In conventional oil and gas reservoirs, the primary reason for stimulation is to repair formation damage. But what causes formation damage? And how do we assess it?
Formation damage describes any negative change in the ability of oil and gas to reach or flow into the well. During drilling and completion operations, some formation damage is inevitable. For instance, drilling mud, which is crucial to the lifting of drill cuttings and the cooling of the bit, can cause formation damage by forming a mud cake and by the filtrate (liquid part) leaking off into the formation. In such a case, the drilling mud is a “necessary evil” that solves one or more problems but causes others. The goal of stimulation is to mitigate or repair the effects of formation damage in a cost-effective manner.

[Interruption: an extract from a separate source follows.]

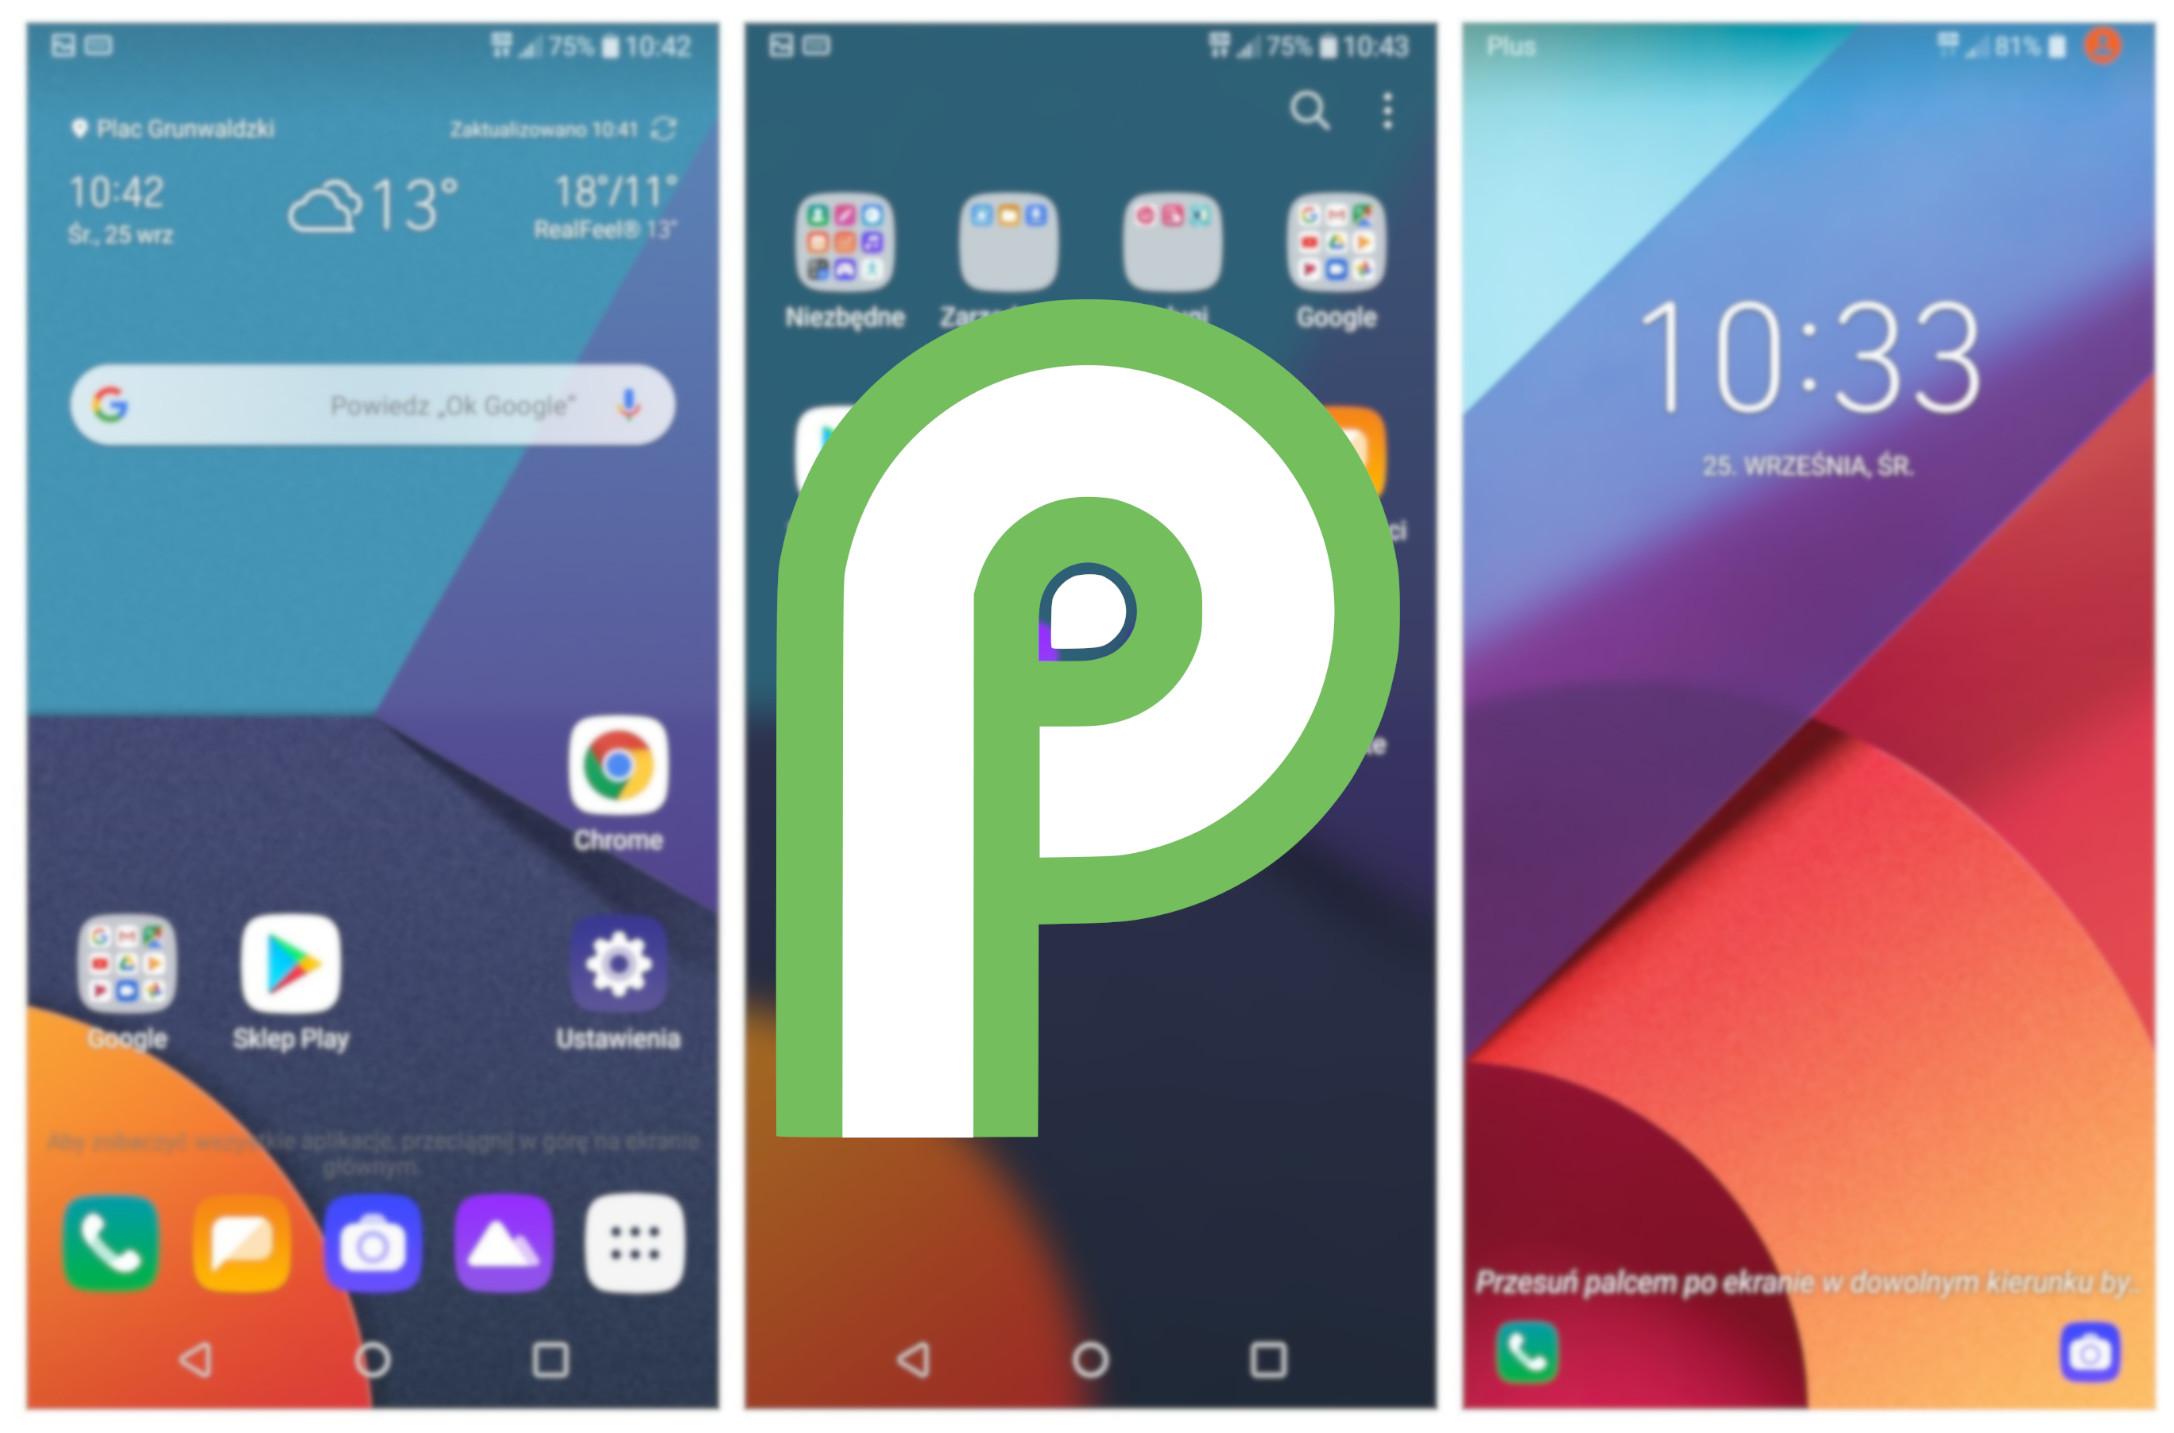 Aktualizacja do systemu Android 9.0 Pie trafia na smartfony LG G6 19

Formation damage typically occurs in the region of reservoir rock surrounding the borehole, within a few feet of the well. The low-permeability or damaged region that develops in this area is referred to as the “skin zone”. Any fluids entering or exiting the well need to be able to pass through this region. The amount of formation damage is measured by a term called “skin factor”. If a well is not damaged, the skin factor will be zero, but if a well is damaged, the skin factor will be a positive number such as +3 or +7.
Causes of Formation Damage
Formation damage occurs when the tiny passageways between pore spaces become clogged, usually with small particles or viscous fluids. One way that fine particles are introduced into the well and reservoir is during drilling and cementing of a well. In addition, dissolved materials from casing or tubing, poorly filtered water supplies, brines and other materials can precipitate inside pore spaces, reducing the size of the pore throats. Swelling clays, which react with the fresh water used in drilling, can expand, blocking pore throats and decreasing their size as well.
Smectite clay is one type of swelling clay. When smectite comes in contact with fresh water, it will swell – possibly up to 32 times its original volume – and potentially choke off the pore throats. This is one reason that drilling muds and completion fluids are frequently made of a brine (salt) solution and not fresh water. Salts prevent the clays from swelling.
Crushing and compaction of pore spaces near the well during the perforating of well casings in cased hole completions also reduces the ability of liquids to migrate through the skin region. Even during the production phase of a well, the permeability of the reservoir can be reduced by the formation of scale or the deposition of paraffin or other solid hydrocarbon components.
Detecting Formation Damage
Since formation damage occurs within the solid rock surrounding a borehole thousands of meters underground, it can be quite difficult to diagnose its cause. However, detecting the damage once production has started is possible by carefully observing changes in production through time or comparison of the production behavior to offset wells or other similar formations. Once formation damage has been detected, operators can decide which, if any, remedial operations would be effective and economical. It can be difficult to determine exactly what the cause of formation damage is in a given well, therefore, engineers frequently have to eliminate unlikely causes and narrow down to the most likely suspects.